Seizure Of Overseas Divorce Proceedings

Under article 19 of Brussels II Regulation (BIIR) 2201/2003 it provides:

“Where proceedings relating to divorce, legal separation or marriage annulment between the same parties are brought before Courts or different member states, the court second seised shall of its own motion stay its proceedings until such time as the jurisdiction of the court first seised is established”

In a scenario where divorce proceedings are issued overseas and then a party seeks to issue proceedings in the jurisdiction of England and Wales, then the first divorce proceedings take precedence. Under BIIR there is no discretion and the rule is absolute. The second Court must decline jurisdiction.

A recent case (E v E [2015] EWHC 3742) clarifies that when an overseas Court has seized jurisdiction first, then the English Court must dismiss all English proceedings rather than just decline jurisdiction.

In relation to EU proceedings there may be a “rush to the door of the Court” in order to secure the application in the jurisdiction which is perceived to be the most helpful or beneficial in relation to divorce and financial matters for that party.

Financial Matters

If you find yourself in a situation where proceedings have already been issued overseas, thus it is not possible to issue divorce or annulment proceedings in England, then it is still possible for financial matters to be dealt with by way of an application to the English Courts for financial relief after an overseas divorce under section 12 of the Matrimonial and Family Proceedings Act of 1984.
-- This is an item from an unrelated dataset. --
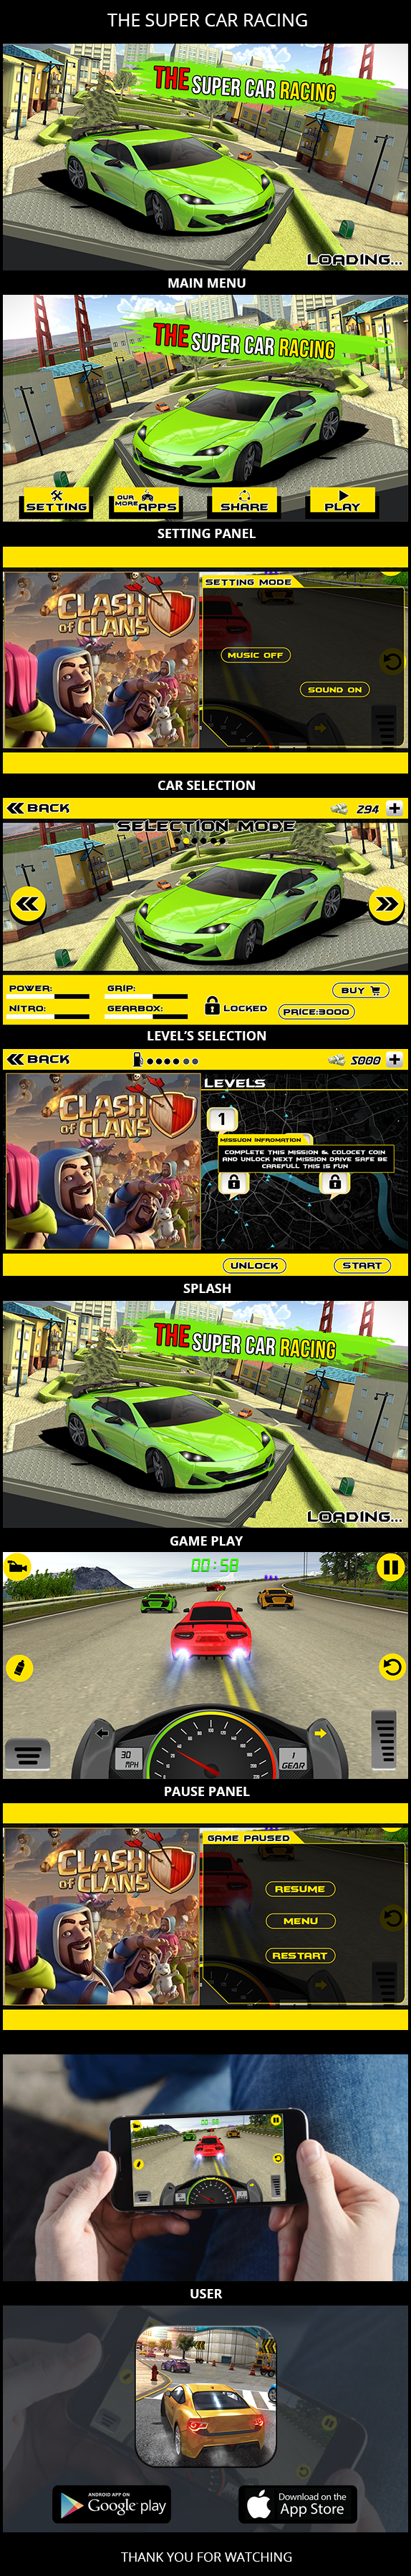 car racing ui Super car racing ui designs car games ui Racing Game UI

This Act provides that where a marriage has been dissolved or annulled, or the parties to a marriage have been legally separated by means of judicial or other proceedings in an overseas country and the divorce, annulment or legal separation is entitled to be recognised as valid in England and Wales, then either party to the marriage may apply to the Court in the manner prescribed by the rules of the Court for an order for financial relief under this part of this Act. However, if after a marriage has been dissolved or annulled in an overseas country and one of the parties to the marriage remarries then that party shall not be entitled to make an application in relation to that marriage.